La conséquence de tout cela c'est que la théorie juridique du territoire, telle qu'elle est communément admise et telle qu'elle ressort de nos constitutions, est peut-être quelque chose de bien artificiel.

26. Le territoire limite de la puissance politique. Si le territoire est élément de la personnalité juridique de l'Etat, n'est-il pas en même temps objet d'un droit appartenant à l'Etat? On a déjà dit que dans la théorie patrimoniale, on reconnaissait au prince sur le territoire de ses Etats un droit réel analogue au droit de propriété. Cette idée est encore défendue par quelques auteurs, comme Seydel, qui n'admettent pas la personnalité de l'Etat, et qui ne voient dans le territoire que l'objet d'un droit dont le Herrscher est titulaire. Cette doctrine ne compte d'ailleurs que de rares partisans. Mais certains publicistes, qui admettent la personnalité juridique de l'Etat et qui voient même dans le territoire un élément de cette personnalité, enseignent en même temps que l'Etat a sur le territoire un droit public, qui est distinct du droit de puissance qu'il exerce sur les personnes. Les auteurs français et particulièrement les auteurs de droit international parlent constamment de la souveraineté territoriale, voulant désigner cerLainement par là un droit qui appartiendrait à l'Etat sur son territoire. La nature de ce droit, ils ne la déterminent point d'une manière précise. Cependant il

semble bien que les idées de Proudhon (Traité du domaine public, 1844, 2o édit.) sont encore dominantes. Ce droit de l'Etat sur son territoire est, dit-on, un droit réel, mais un droit réel de droit public. On doit distinguer ce que Proudhon appelait le domaine de propriété et le domaine de souveraineté. Le domaine de propriété, c'est la propriété du droit civil; le domaine de souveraineté, c'est le droit réel d'ordre public que l'Etat possède sur son territoire.

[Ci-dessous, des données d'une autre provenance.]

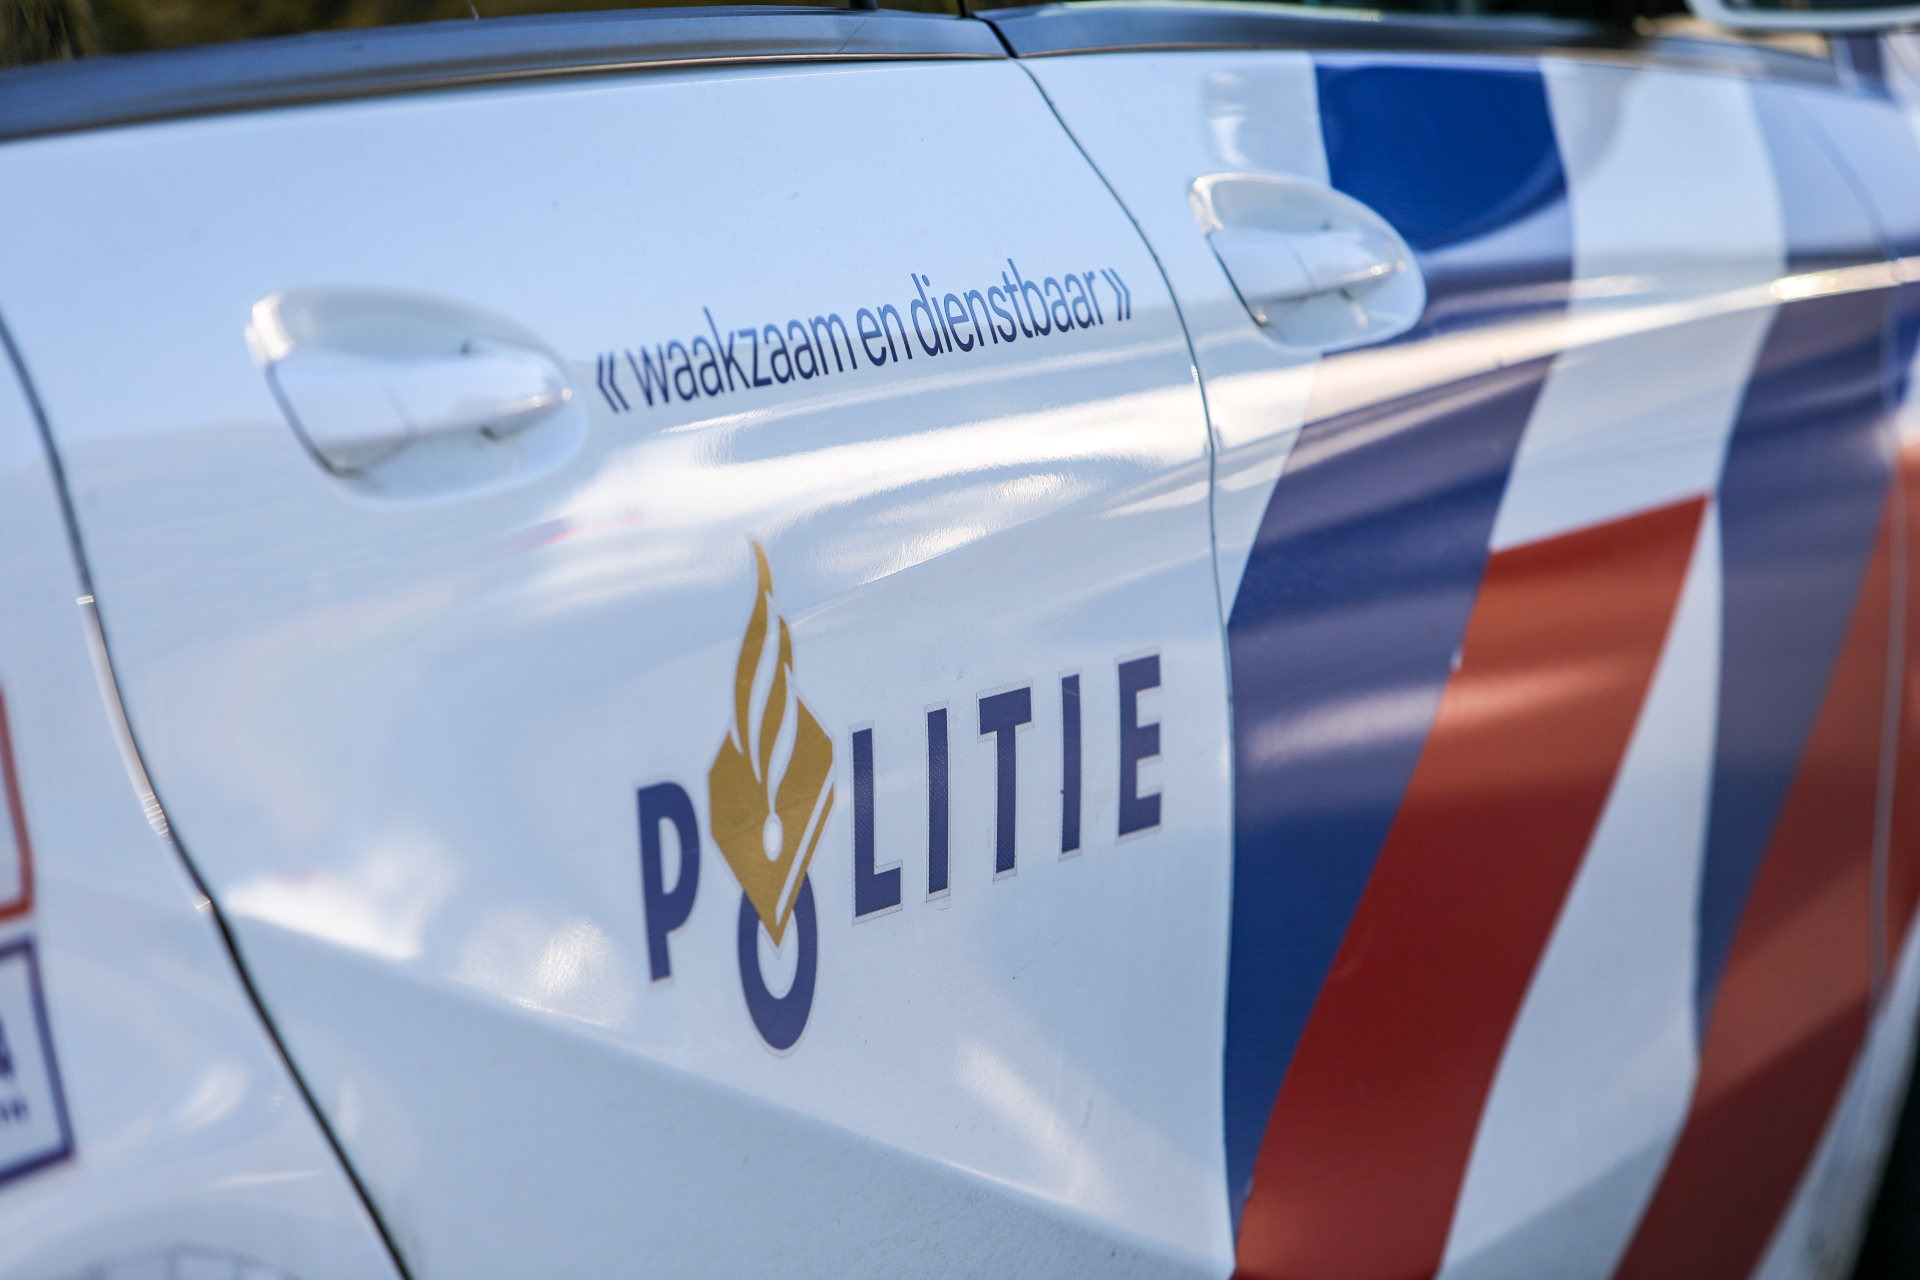 Politie onderzoek in woning Zutphen

En Allemagne, M. Laband, partisan convaincu de la personnalité de l'Etat, enseigne que celui-ci possède un droit réel de droit public sur son territoire. « On doit reconnaître, dit-il, que l'Etat a un droit sur son territoire, qui est substantiellement différent de ses droits de puissance sur ses sujets et que l'on doit considérer comme étant un droit réel de droit public. Par là l'Etat peut remplir ses fonctions; il n'atteint pas seulement ses sujets, mais aussi le sol et le soumet à sa volonté, à sa puissance (Droit public, édit. franç., 1900, I, p. 287).

Nous estimons que l'on ne doit point reconnaître à l'Etat sur son territoire un droit réel de droit public, un droit de puissance distinct de son droit de puissance sur les personnes. Il ne faut point distinguer une souveraineté territoriale et une souveraineté personnelle. L'Etat n'a qu'un seul et unique droit de puissance, et ce droit de puissance ne peut s'exercer que sur des personnes. Si l'on emploie le mot de souveraineté, qui prête à beaucoup de confusions, mais qui est passé dans l'usage, il faut dire que l'Etat n'a et ne peut avoir de souveraineté que sur les per

sonnes.

Cela se comprend aisément. Nous employons, suivant l'habitude française, le mot souveraineté dans le sens de puissance politique. Or, la puissance politique. c'est ce pouvoir de formuler des commandements. Cette puissance politique est sans doute le pouvoir de formuler des ordres inconditionnés. Mais ce dernier caractère est ici indifférent, car il reste toujours que la puissance politique est le pouvoir de commander. Or on ne peut commander qu'à des personnes. Le

commandement suppose deux personnes, une qui le donne, une qui le reçoit. Par conséquent, parler de souveraineté ou de puissance politique sur le territoire, c'est employer une formule qui contient une contradiction en soi.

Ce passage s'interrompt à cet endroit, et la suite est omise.